Having spent the first 10 minutes crushed beneath someone’s armpit in a packed and sweaty Scala, it’s painfully obvious Thurston Moore still has a massive following in London.
They were still cramming them in well into the start of his set on a sultry June Thursday night and the former Sonic Youth man seemed pleased to be back in his adopted home.
By the time we’d traversed The Scala’s labyrinthine passageways to find a spot where we could actually see as well as hear what was going on, the band were already well into their stride.
Something of a Dorian Gray figure, Moore remains largely untouched by the passage of time.
Perched at the edge of the stage, he dominates proceedings, head down in concentration, or thrown back in classic rock pose, completely absorbed by the music.
Laid back and comfortable in the surroundings, he drawls “I don’t know how to respond to that” to a cry of “I love you Thurston!” from a female admirer in the crowd.
Eschewing the tighter song structures of his former band, Moore’s new sound is more experimental and free form, open to interpretation and improvisation.
The new songs are long, more like classical movements, Moore giving flight to his imagination like some kind of No Wave Coltrane.
He has a willing foil in fellow guitarist James Sedwards, formerly of Nought.
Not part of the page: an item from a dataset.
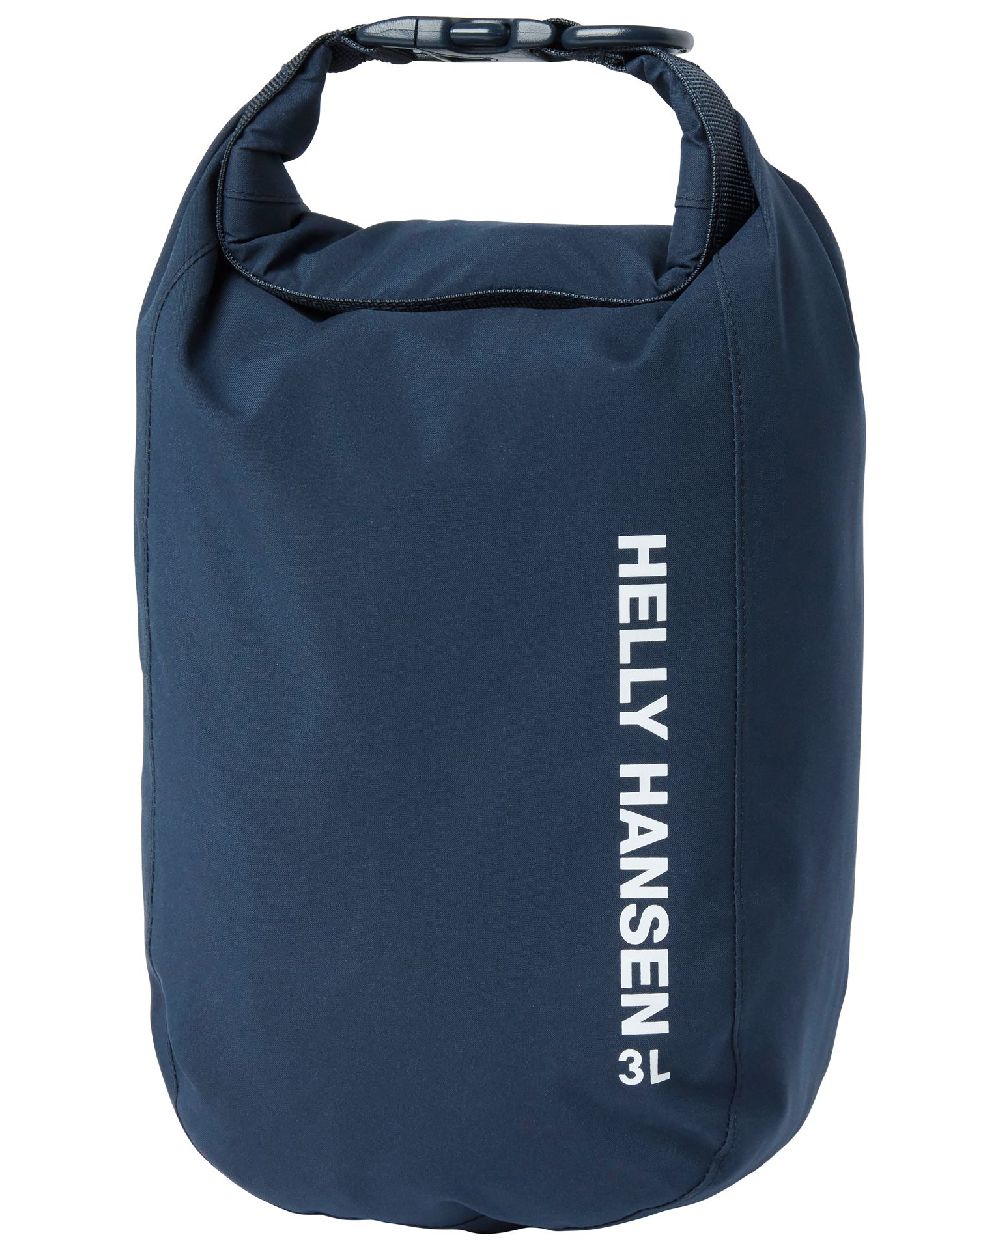 Navy Helly Hansen American Magic Dry Bag 3L on white background 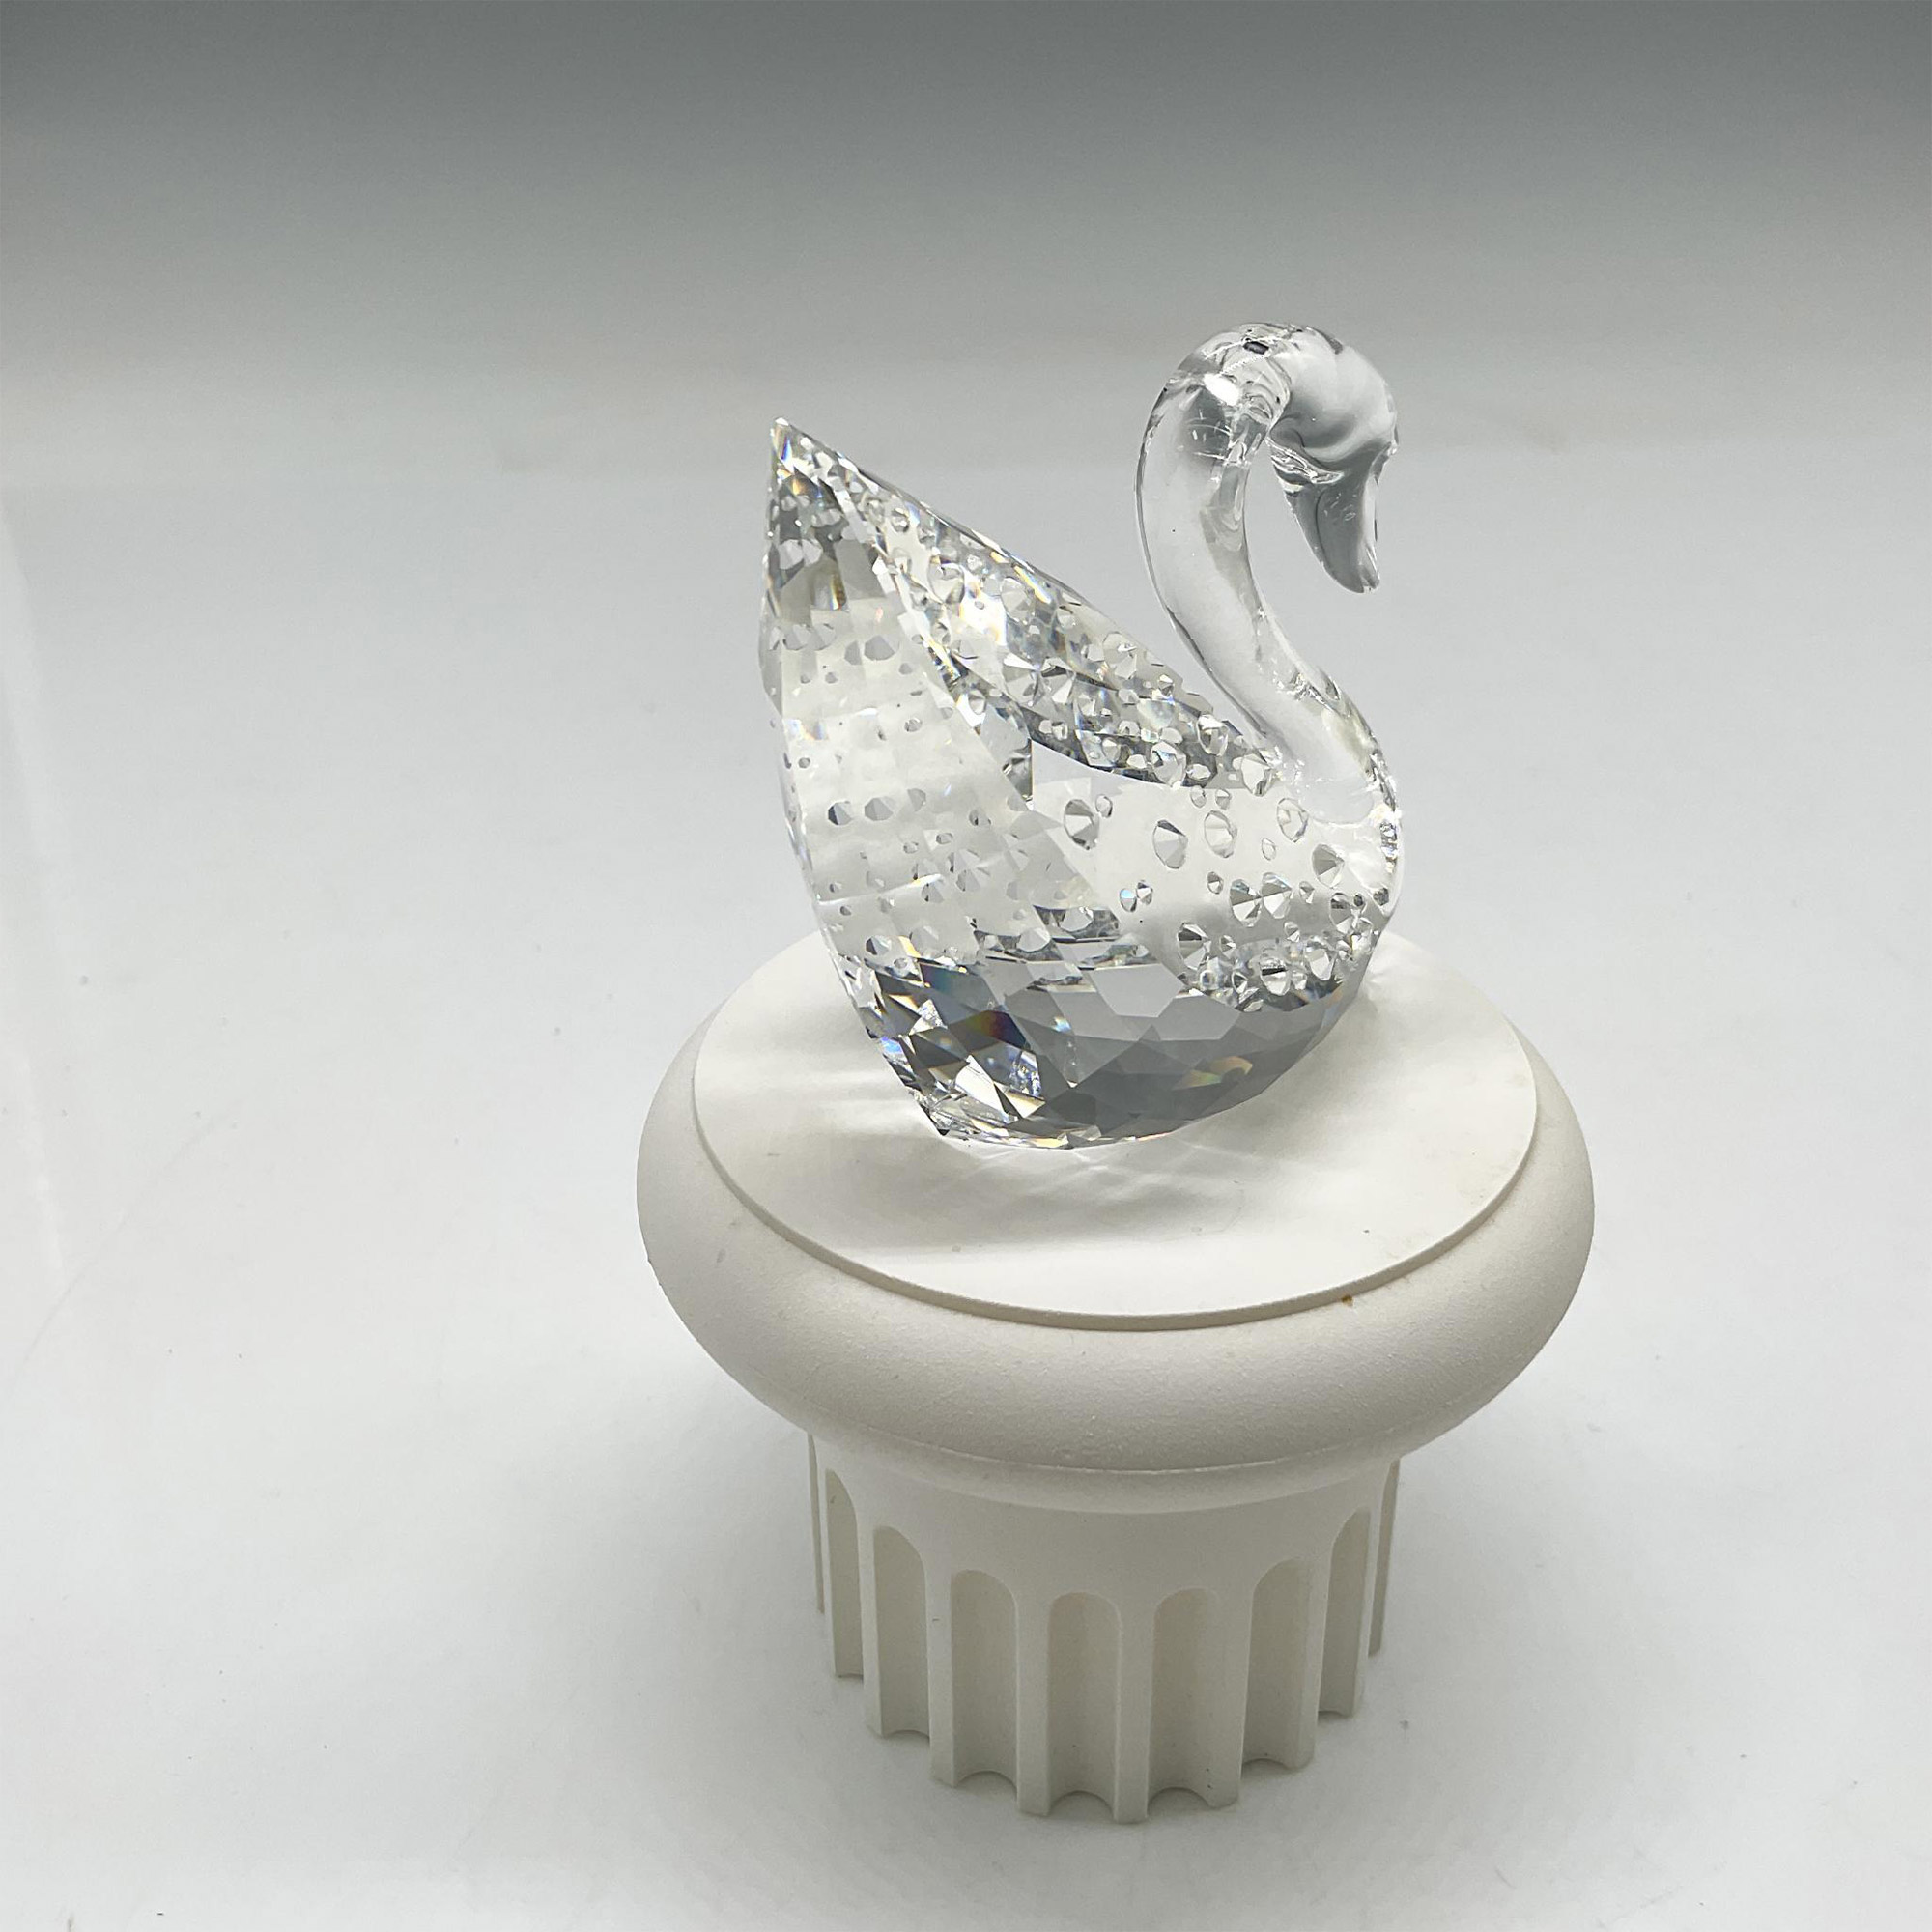 Swarovski Silver Crystal Figurine, Centenary Swan - Image 2 of 4

The pair instinctively spark off each other, Sedwards’ serpentine soloing, serving as counterpoint to Moore’s more percussive style.
Sonic Youth sticksman Steve Shelley is back behind the kit for the night’s show, anchoring the group with his powerful, but unshowy, motorik sound.
While bassist Debbie Googe (My Bloody Valentine) remains rooted centre stage, half -turning to lock herself into Shelley’s rhythms, she adds a thundering growl to the howling feedback from the twin guitars.
Much of the new album Rock N Roll Consciousness gets an airing, with Turn On and Smoke Of Dreams – introduced by Moore as a song about “the fascist agenda in America” – among the highlights.
The sound quality, particularly on Moore’s vocals, leaves a little to be desired, and some of the end of song noodling, or “orchestrated dissonance” as my more eloquent friend put it, borders on the self-indulgent.
But when Moore and his cohorts really hit the heights, as on the mesmerising Exalted, dedicated “to the most beautiful rock’n’roll spirit Anita Pallenberg“, there are few around to touch them.
The merest vestige of a nod to his old band comes with the final song, a rendition of Ono Soul from his 1995 solo album Psychic Hearts.
But anyone hoping to hear a Sonic Youth track or two was always destined for disappointment.
The message from this show couldn’t be more clear – Sonic Youth is dead, long live The Thurston Moore Group.